It’s All Over, Samurai Blue: Japan Examines Poor World Cup Showing

Alberto Zaccheroni has decided to step down as Japan manager after a disappointing World Cup campaign that saw them pick up just one point from their three games.

In the end they were outclassed by one of the strongest teams in the tournament in Colombia, though in truth the damage had already been done in the opening two games. The Ivory Coast and Greece are by no means weak opposition, but they were there for the taking, particularly when the latter went down to ten men. Japan failed to capitalize and paid the ultimate price, finishing bottom of their group for the third time in five world cups.

For all their fight and endeavor they just seem to lack that cutting edge to really hurt teams. At times it can be painful to watch; lots of nice passes that don’t seem to go anywhere. Whilst we are now used to seeing Japan perform like this at World Cups, the belief this time was that things would be different. Leading up to Brazil, they looked impressive in many friendly games, attacking with a real verve and vigor. Perhaps those displays created a false sense of optimism.

“It’s embarrassing,” says AC Milan midfielder Keisuke Honda. “I said that Japan could win the tournament and it just ended as empty talk….We simply weren’t good enough at this World Cup. We’ve got a lot to learn.”

His excellently taken goal and assist for Shinji Okazaki’s header aside, Honda had a disappointing tournament. Injuries appear to have taken their toll on the county’s most idolized footballer and he now looks a shadow of the player that tormented opposition defenses four years ago.
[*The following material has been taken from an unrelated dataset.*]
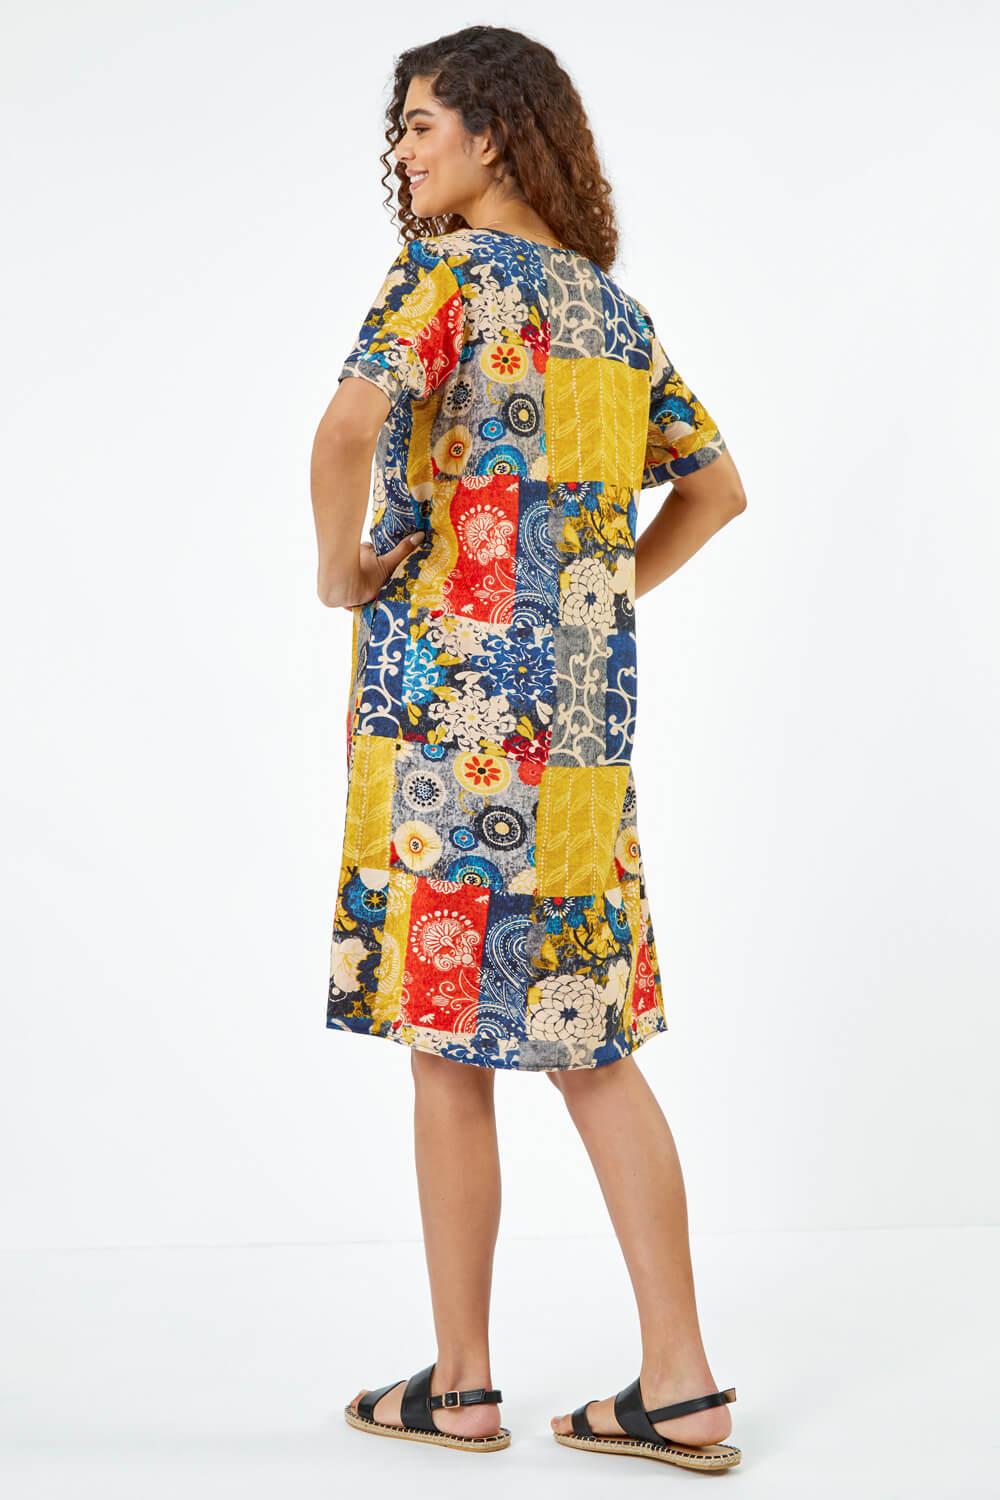 Amber Patchwork Print Pocket Shift Dress, Image 3 of 5
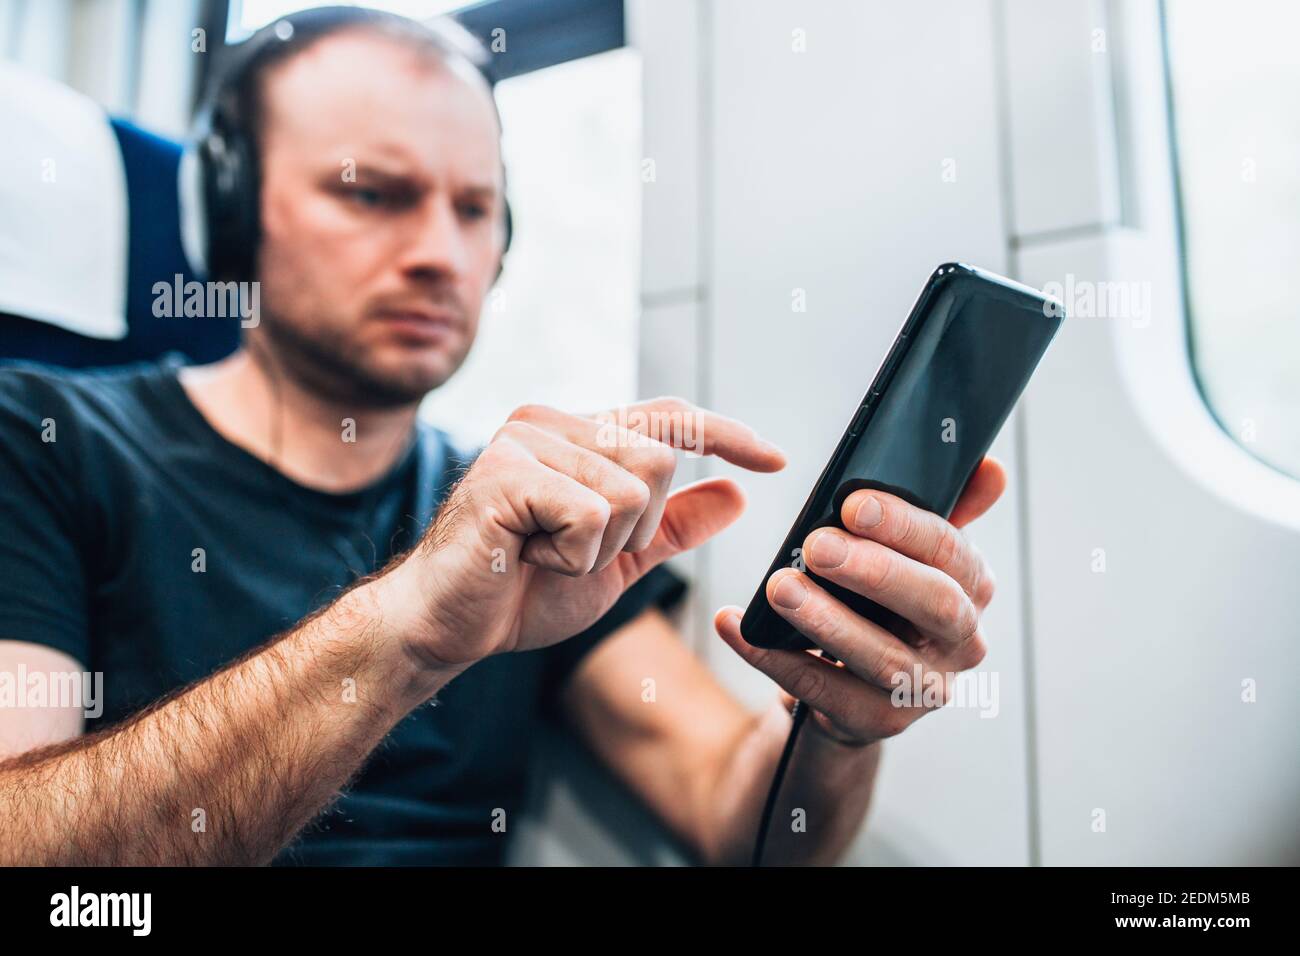 Persönliches Gadget in der Hand eines Mannes, der vorbei reist Train - Online-Kino und Musik - ein E-Book lesen Stockfoto

The other high profile figure in the squad also had a World Cup to forget: Shinji Kagawa had a shocker against the Ivory Coast and was then dropped for the clash against Greece. He showed glimpses of his talent in the final game, but never really looked like opening the Colombian defence up. Following a frustrating two years at Old Trafford, that seems to have completely drained his confidence, you could sense how desperate Kagawa was to impress, yet the ball just didn’t seem to run for him.

“It hurts to go out like this,” he told reporters after the Colombia match. “I don’t have any other words. I feel responsible and deeply sorry. It’s pathetic.”

Honda and Kagawa were certainly not the only two players to underperform. It’s hard to think of a single Japan player who came out of the tournament with any credit. Defensively they were poor, their midfield was solid but far from spectacular, while up front they looked completely toothless. Departing manager Alberto Zaccheroni has taken “full responsibility” for Japan’s underwhelming campaign.

“I am disappointed and not satisfied with the results,” said the former Juventus boss at a press conference in Itu. “I really wanted to take us forward and qualify for the second round and I am so disappointed. But I picked the team, decided on the tactics and how we play and I want to take full responsibility.”

With Zaccheroni resigning the search for his successor begins. José Pékerman, whose Colombia side have started this World Cup so impressively, has been linked to the post, though that might just be fanciful thinking. A more realistic target may be Javier Aguirre, who guided Mexico to the knockout stages in 2002 and 2010. Perhaps it is time to go back to a Japanese coach?

Whoever takes the position will be inheriting a talented squad that keeps the ball well, but isn’t effective enough with it. For a country that has progressed rapidly over the past two decades, this World Cup feels like a massive backward step. Hopefully there will be a lot more to celebrate in four years time. Roll on Russia 2018.